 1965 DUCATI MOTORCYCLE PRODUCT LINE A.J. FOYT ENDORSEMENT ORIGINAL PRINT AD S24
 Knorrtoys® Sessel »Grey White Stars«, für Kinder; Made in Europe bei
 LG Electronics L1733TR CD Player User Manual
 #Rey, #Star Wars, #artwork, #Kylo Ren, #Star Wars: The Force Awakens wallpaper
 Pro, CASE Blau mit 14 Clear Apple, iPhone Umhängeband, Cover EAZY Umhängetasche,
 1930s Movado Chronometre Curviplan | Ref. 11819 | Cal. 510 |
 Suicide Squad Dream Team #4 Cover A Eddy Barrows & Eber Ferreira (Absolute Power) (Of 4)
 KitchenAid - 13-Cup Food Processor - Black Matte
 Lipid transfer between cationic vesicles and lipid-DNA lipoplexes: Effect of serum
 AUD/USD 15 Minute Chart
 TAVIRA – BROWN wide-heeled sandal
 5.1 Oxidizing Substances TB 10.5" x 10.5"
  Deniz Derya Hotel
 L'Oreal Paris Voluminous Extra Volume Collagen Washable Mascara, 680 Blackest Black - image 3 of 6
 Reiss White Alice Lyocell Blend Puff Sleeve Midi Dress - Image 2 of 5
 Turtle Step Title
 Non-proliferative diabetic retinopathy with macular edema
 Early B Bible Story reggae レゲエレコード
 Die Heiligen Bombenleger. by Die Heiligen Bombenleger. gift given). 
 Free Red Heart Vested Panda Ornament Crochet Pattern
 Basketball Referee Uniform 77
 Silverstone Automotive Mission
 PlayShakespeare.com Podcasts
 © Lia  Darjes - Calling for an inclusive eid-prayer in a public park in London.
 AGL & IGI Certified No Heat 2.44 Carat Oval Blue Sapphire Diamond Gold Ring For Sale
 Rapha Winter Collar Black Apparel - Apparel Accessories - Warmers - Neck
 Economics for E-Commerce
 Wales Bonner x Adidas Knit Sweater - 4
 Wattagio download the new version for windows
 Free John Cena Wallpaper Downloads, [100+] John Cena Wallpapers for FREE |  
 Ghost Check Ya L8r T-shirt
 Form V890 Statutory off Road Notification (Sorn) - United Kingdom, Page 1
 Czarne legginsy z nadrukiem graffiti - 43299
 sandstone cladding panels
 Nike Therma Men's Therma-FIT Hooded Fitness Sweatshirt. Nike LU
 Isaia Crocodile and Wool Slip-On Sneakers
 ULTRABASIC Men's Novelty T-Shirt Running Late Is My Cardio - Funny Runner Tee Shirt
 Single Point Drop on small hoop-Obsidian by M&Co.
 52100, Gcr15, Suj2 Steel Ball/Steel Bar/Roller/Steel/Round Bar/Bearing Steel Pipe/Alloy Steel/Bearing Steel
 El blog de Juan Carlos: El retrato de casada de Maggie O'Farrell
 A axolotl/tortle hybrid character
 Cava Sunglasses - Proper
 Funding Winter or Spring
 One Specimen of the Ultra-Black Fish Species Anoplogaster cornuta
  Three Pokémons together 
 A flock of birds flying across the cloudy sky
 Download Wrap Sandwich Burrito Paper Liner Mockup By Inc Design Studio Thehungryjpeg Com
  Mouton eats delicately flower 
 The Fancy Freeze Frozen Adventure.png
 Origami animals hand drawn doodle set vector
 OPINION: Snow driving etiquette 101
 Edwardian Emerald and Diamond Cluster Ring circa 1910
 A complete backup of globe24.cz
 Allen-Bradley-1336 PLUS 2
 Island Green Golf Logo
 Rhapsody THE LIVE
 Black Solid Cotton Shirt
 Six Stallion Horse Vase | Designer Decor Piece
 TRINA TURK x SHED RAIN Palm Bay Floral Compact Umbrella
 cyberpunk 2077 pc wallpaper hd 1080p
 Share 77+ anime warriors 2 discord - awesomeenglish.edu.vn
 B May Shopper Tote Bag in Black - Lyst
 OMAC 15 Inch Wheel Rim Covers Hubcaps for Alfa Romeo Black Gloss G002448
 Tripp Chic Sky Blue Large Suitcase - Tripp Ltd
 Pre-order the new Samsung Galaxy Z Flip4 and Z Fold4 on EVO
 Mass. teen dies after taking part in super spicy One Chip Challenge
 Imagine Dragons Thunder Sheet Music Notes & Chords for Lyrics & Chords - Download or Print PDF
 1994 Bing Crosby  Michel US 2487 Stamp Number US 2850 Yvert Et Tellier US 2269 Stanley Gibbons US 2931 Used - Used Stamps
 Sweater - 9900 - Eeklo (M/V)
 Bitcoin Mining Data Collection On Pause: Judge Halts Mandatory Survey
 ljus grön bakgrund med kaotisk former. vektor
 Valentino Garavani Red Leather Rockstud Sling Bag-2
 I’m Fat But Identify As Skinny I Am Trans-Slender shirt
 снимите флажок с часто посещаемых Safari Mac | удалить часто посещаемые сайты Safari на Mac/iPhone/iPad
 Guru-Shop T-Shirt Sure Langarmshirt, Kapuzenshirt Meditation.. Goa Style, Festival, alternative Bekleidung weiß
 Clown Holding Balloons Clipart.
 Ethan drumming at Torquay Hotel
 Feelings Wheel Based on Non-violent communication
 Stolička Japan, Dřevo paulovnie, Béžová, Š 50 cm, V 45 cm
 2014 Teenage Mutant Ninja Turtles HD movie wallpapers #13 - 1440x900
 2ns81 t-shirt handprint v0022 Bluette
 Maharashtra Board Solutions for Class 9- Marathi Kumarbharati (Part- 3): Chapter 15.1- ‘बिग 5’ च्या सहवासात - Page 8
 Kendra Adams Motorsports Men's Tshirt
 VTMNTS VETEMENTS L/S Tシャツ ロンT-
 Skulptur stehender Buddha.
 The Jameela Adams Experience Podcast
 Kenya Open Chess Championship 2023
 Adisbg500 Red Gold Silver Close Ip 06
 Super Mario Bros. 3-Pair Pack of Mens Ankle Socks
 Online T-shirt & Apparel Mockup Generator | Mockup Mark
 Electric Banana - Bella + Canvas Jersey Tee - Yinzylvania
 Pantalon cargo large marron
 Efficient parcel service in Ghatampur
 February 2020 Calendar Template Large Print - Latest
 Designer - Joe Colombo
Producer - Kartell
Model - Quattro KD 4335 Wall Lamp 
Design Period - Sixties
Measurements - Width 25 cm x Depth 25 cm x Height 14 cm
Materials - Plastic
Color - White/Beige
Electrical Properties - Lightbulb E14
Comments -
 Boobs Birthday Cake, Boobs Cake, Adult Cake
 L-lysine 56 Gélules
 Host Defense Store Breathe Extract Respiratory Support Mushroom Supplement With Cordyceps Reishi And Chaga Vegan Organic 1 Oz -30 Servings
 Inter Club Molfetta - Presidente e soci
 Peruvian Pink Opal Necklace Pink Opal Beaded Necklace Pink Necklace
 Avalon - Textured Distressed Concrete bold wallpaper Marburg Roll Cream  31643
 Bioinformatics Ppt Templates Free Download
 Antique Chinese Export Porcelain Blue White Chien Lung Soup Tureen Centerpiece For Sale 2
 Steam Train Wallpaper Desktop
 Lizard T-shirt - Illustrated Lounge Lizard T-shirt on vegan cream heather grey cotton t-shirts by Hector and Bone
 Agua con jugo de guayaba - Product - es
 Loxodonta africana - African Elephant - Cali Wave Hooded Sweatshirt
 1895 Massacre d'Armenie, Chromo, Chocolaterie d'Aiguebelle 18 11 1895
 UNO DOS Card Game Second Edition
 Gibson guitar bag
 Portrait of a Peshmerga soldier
——
_PROBLEM:_ Exactly and only the lines from the line containing "Loxodonta africana - African" through the final line of the records above must be returned.

_ANSWER SECTION:_
 Loxodonta africana - African Elephant - Cali Wave Hooded Sweatshirt
 1895 Massacre d'Armenie, Chromo, Chocolaterie d'Aiguebelle 18 11 1895
 UNO DOS Card Game Second Edition
 Gibson guitar bag
 Portrait of a Peshmerga soldier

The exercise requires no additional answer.